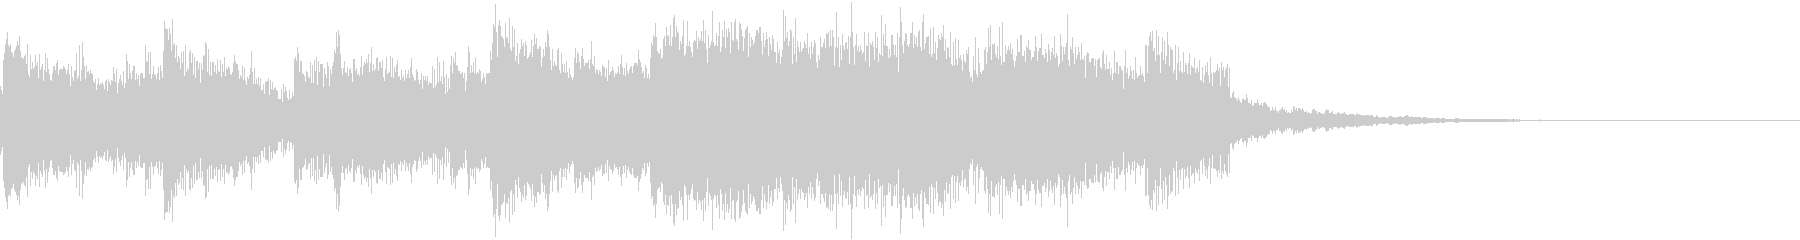 ピアノ中心のオリエンタルなジングルの未再生の波形
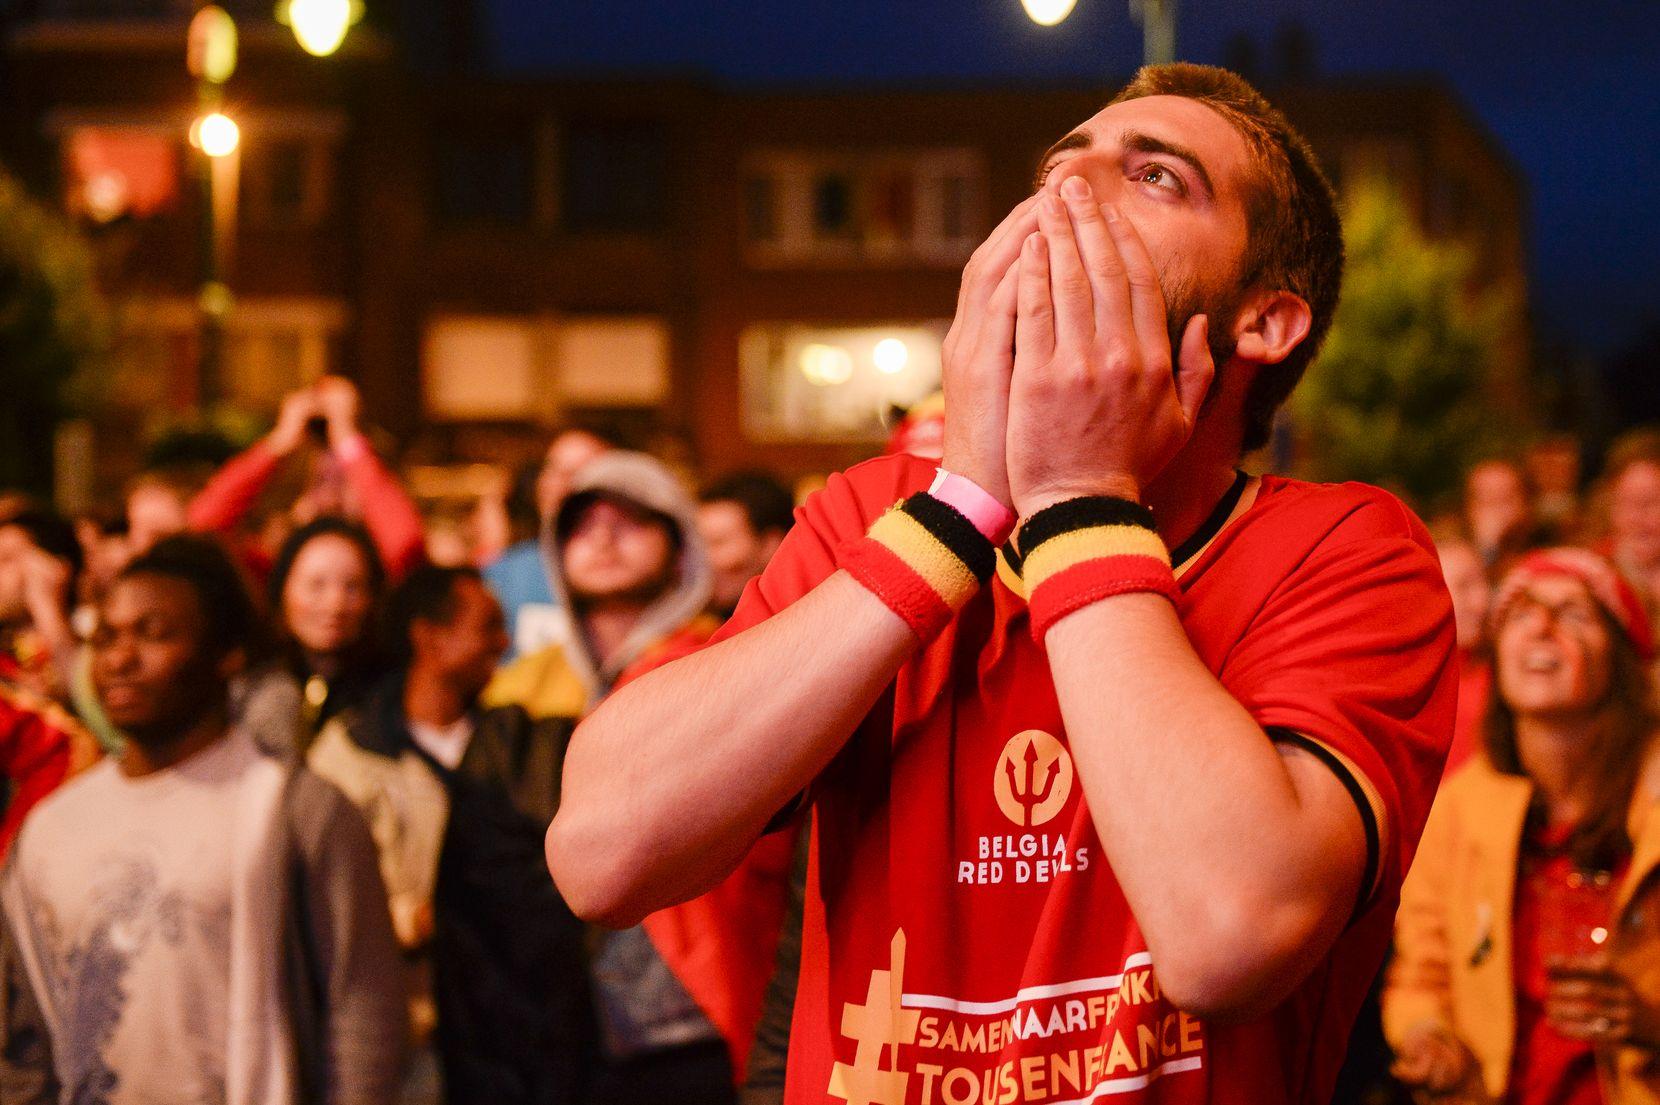 De ontgoocheling bij de supporters was enorm. (foto's belga)
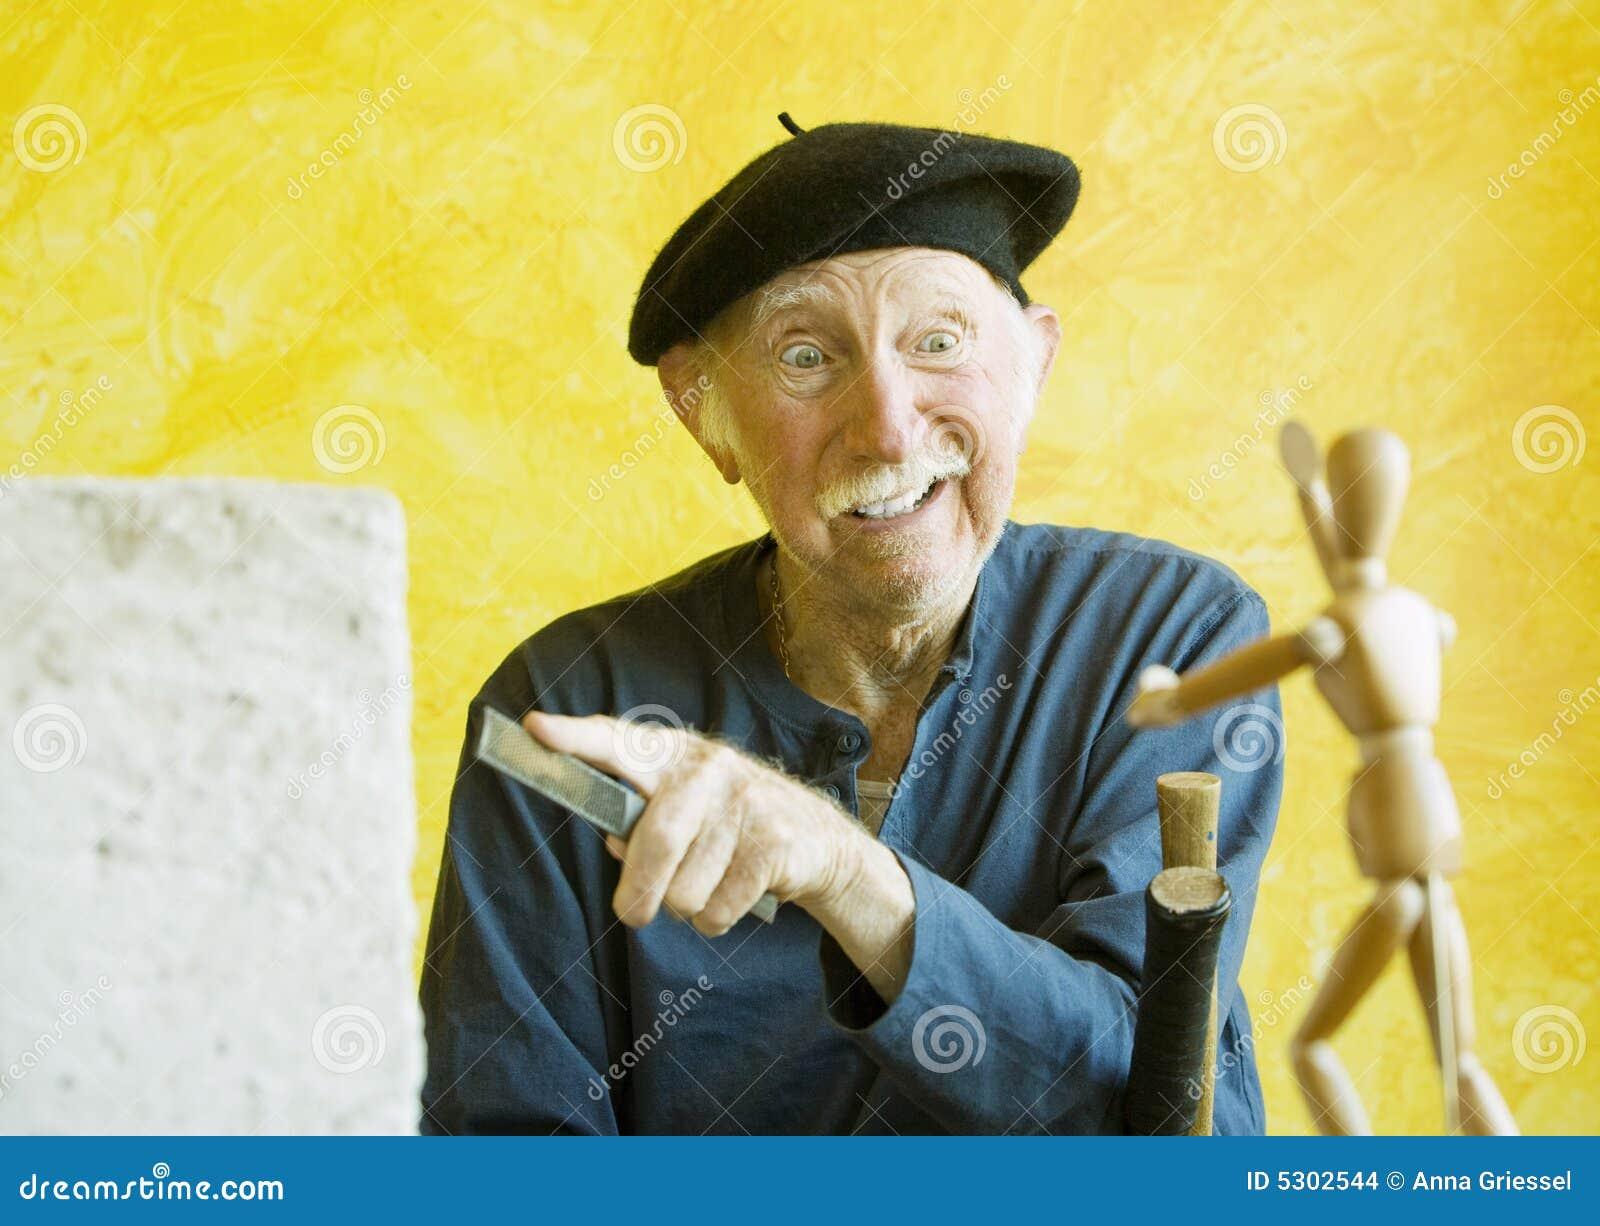 Download Artista Pazzesco Con Una Figura Di Legno Modello Fotografia Stock - Immagine di wooden, uomo: 5302544
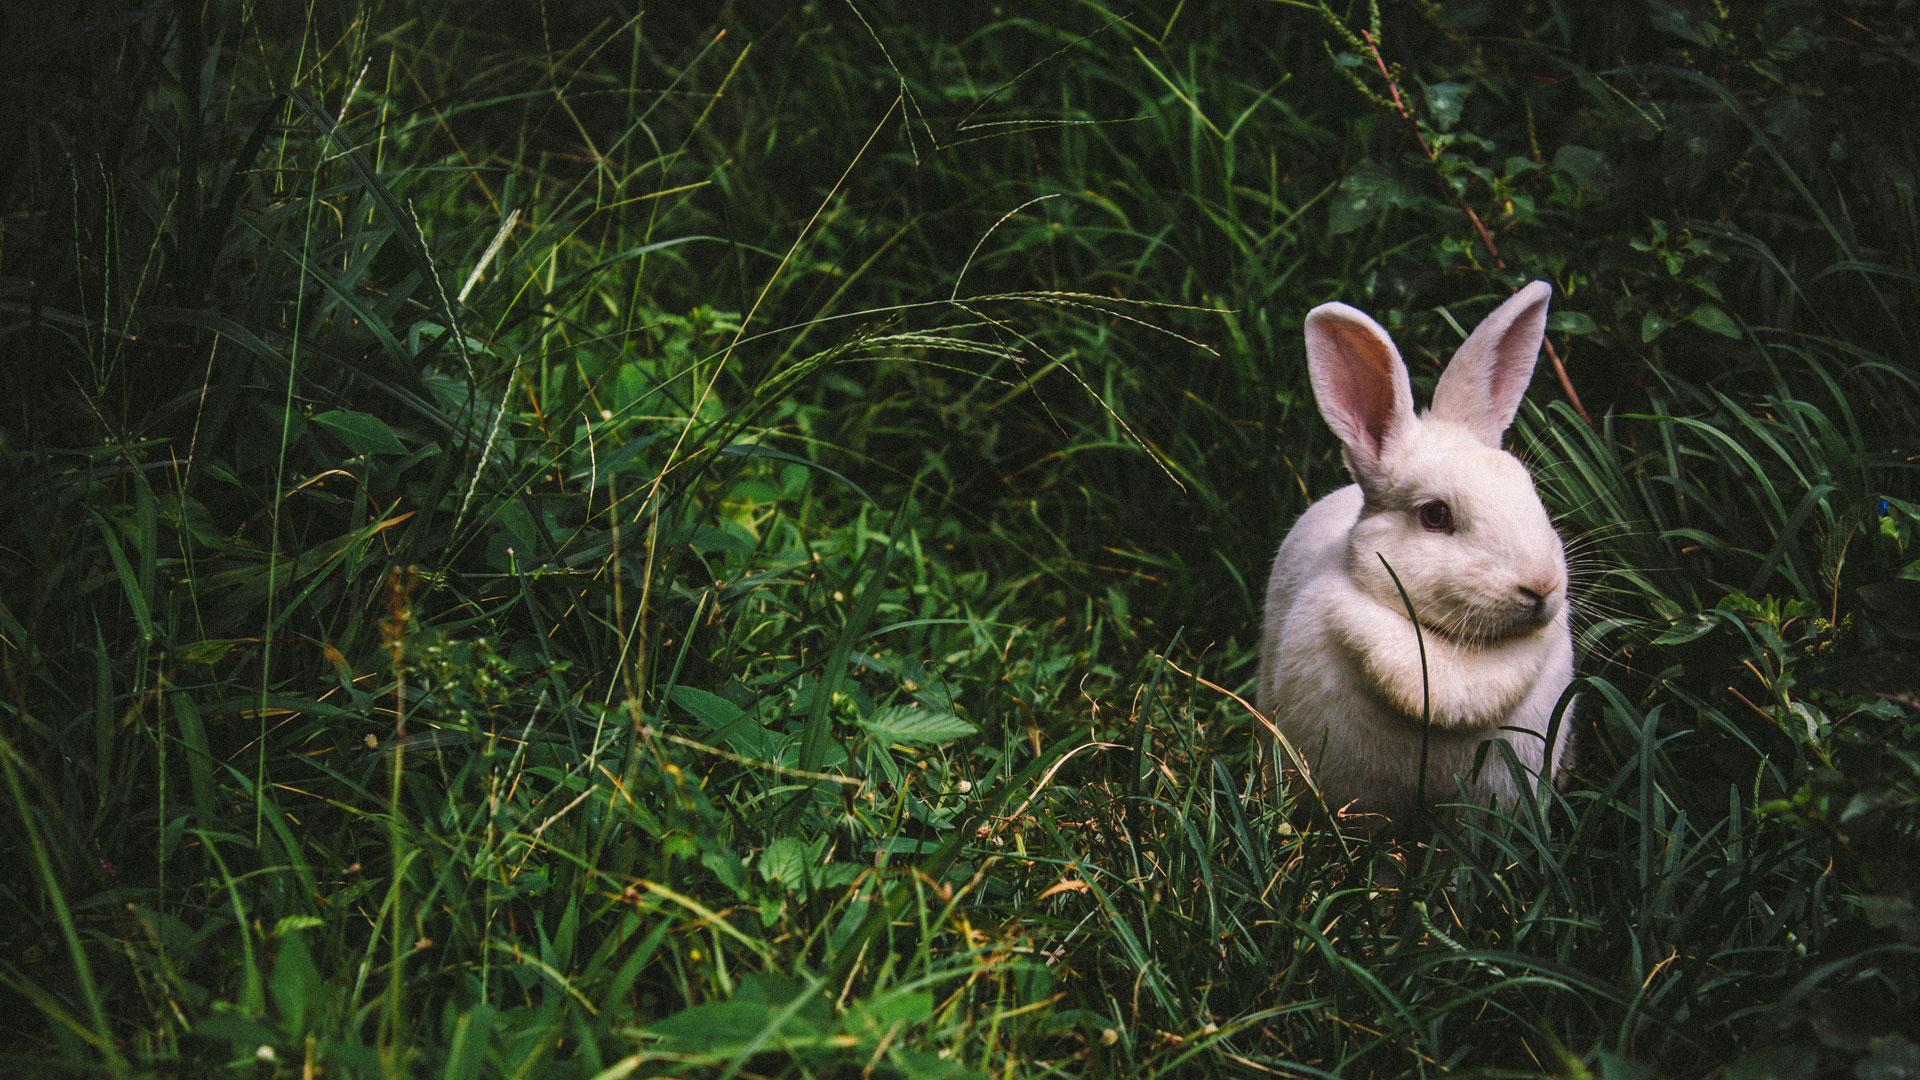 Der Hase hat sich als Symboltier für Ostern durchgesetzt. Theologisch gesehen ist das Lamm eigentlich das passendere Tier.
• • •
— Problem to solve —
In your copy, leave out the pictures and reproduce the material above exactly.

— The answer —
 ピアノ中心のオリエンタルなジングルの未再生の波形
 De ontgoocheling bij de supporters was enorm. (foto's belga)
 Download Artista Pazzesco Con Una Figura Di Legno Modello Fotografia Stock - Immagine di wooden, uomo: 5302544
 Der Hase hat sich als Symboltier für Ostern durchgesetzt. Theologisch gesehen ist das Lamm eigentlich das passendere Tier.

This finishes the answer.